Democrat loss a political setback for union rights in US‏

The long running campaign of trade unions to secure labour reforms in the US has suffered a serious setback following the Republican victory in the Massachusetts Senate election - which left the Democrats one short of the 60 seats required to prevent Republican filibustering of pro union legislation.

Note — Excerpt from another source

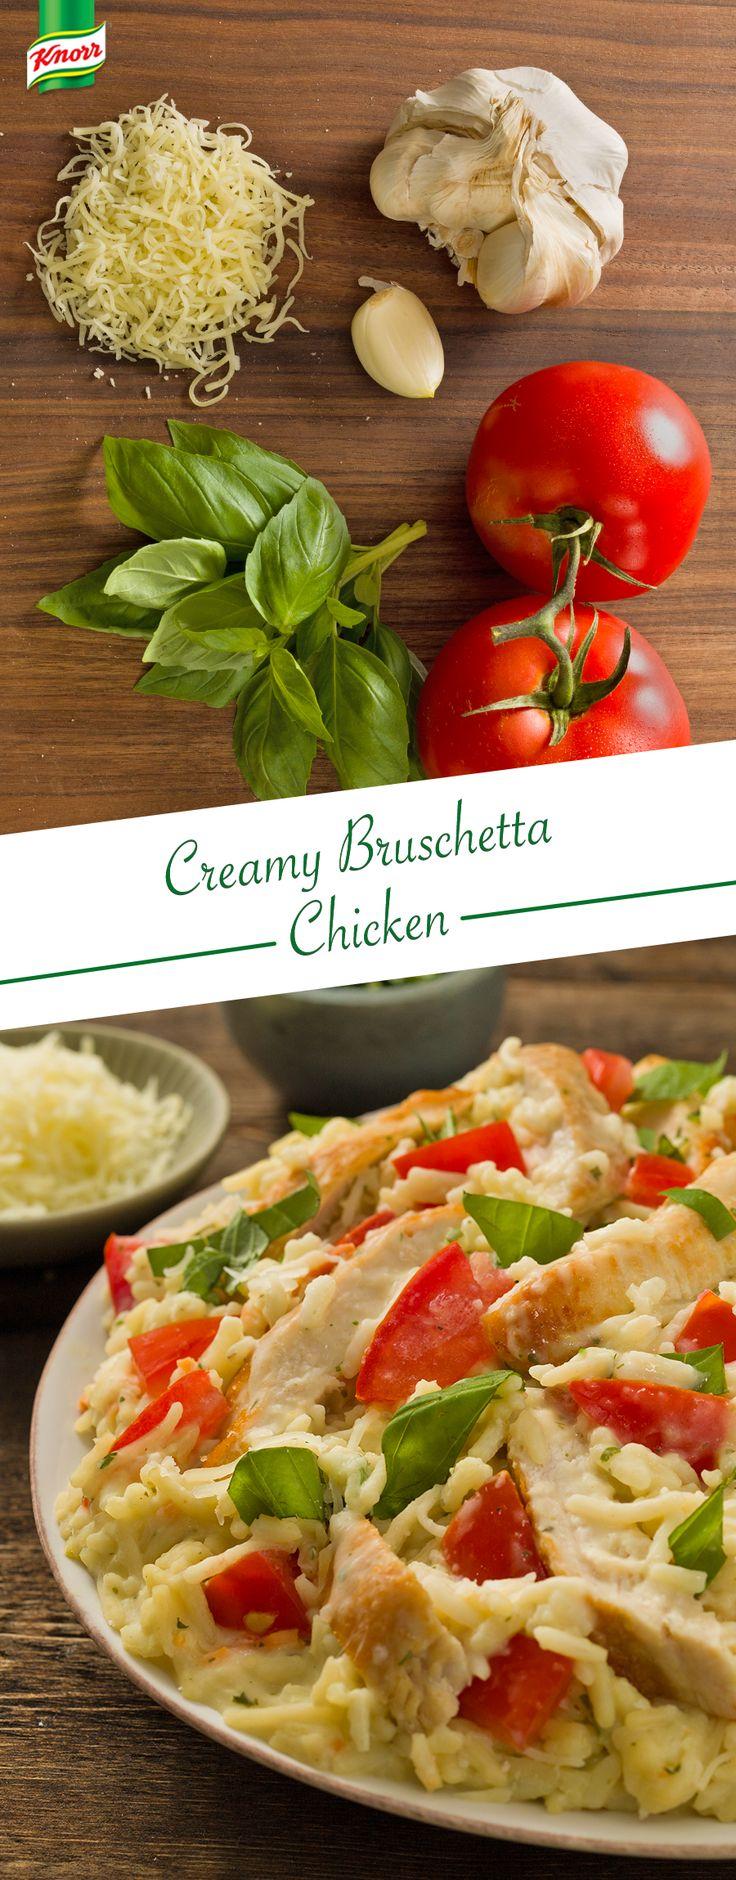 103 Best Chicken Recipes Images On Pinterest Bruschetta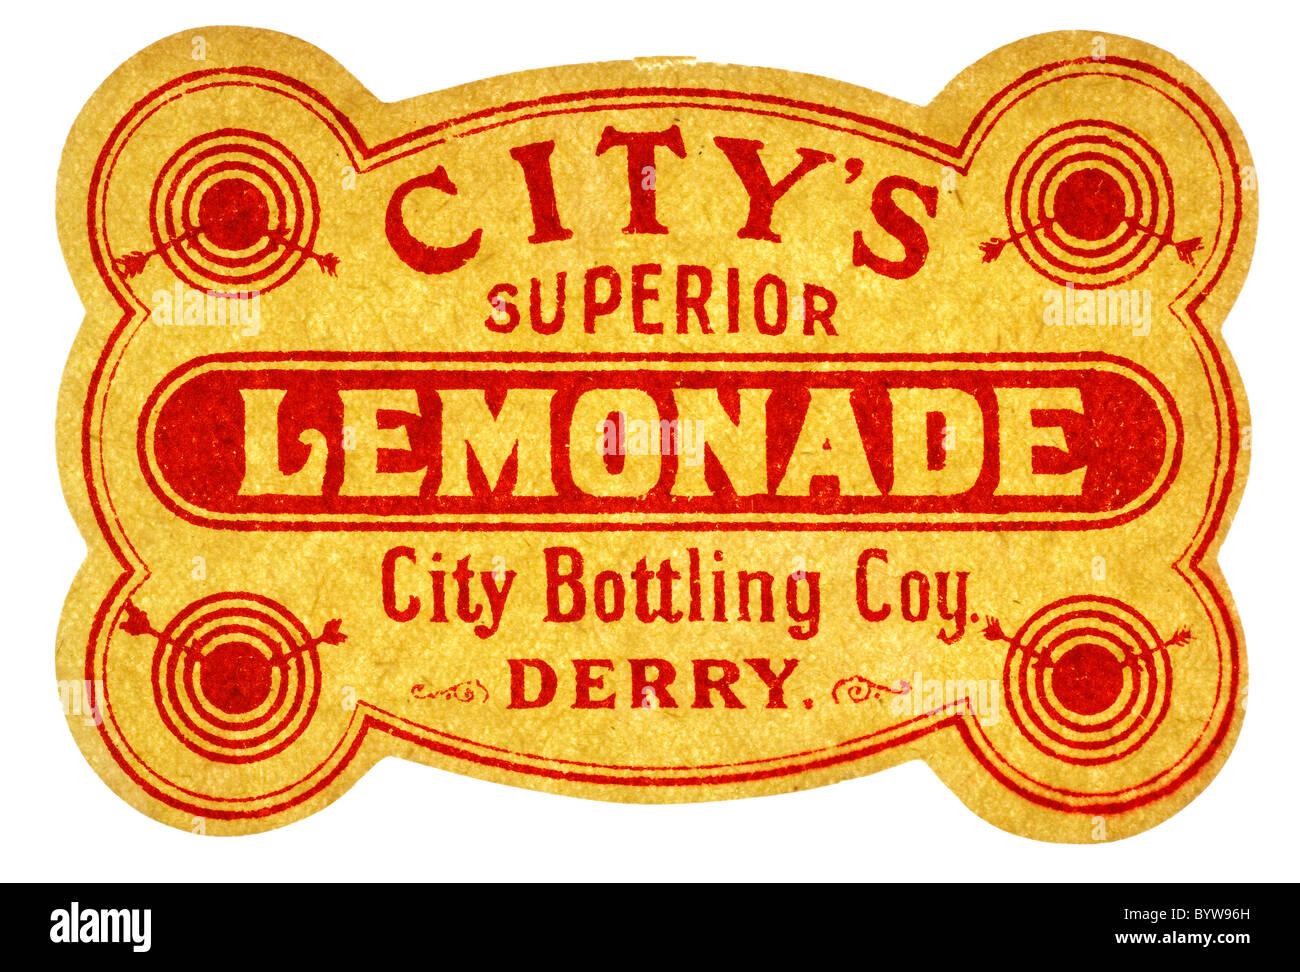 Alte Papier Pop Label Fur Superior Limonade Aus Abfullung Coy Derry

The US unions have been campaigning hard during Obama’s first year in office to hold him to his campaign commitment to bring in an Employee Free Choice Act (EFCA).
http://unisonactive.blogspot.com/2010/01/us-unions-in-battle-over-labour-rights.html

In a bleak assessment of recent developments Steve Early, writing in Counterpunch, says:

"EFCA is, of course, a long-overdue set of amendments to the National Labor Relations Act (NLRA) that would help boost organizing and bargaining in the private sector. The latest statistics from the U.S. Department of Labor show why EFCA is necessary, if not entirely sufficient, for a union revival. Organized labor in private industry lost 10 per cent of its membership in 2009, mainly in manufacturing and construction--the worst annual decline in the last quarter century......

Now trade unionists are seeing the latest opportunity to strengthen workplace rights, as promised by the Democrats, simply vanish. As one dismayed union official in Washington, D.C. told me: “It’s the end of labor law reform for another generation.”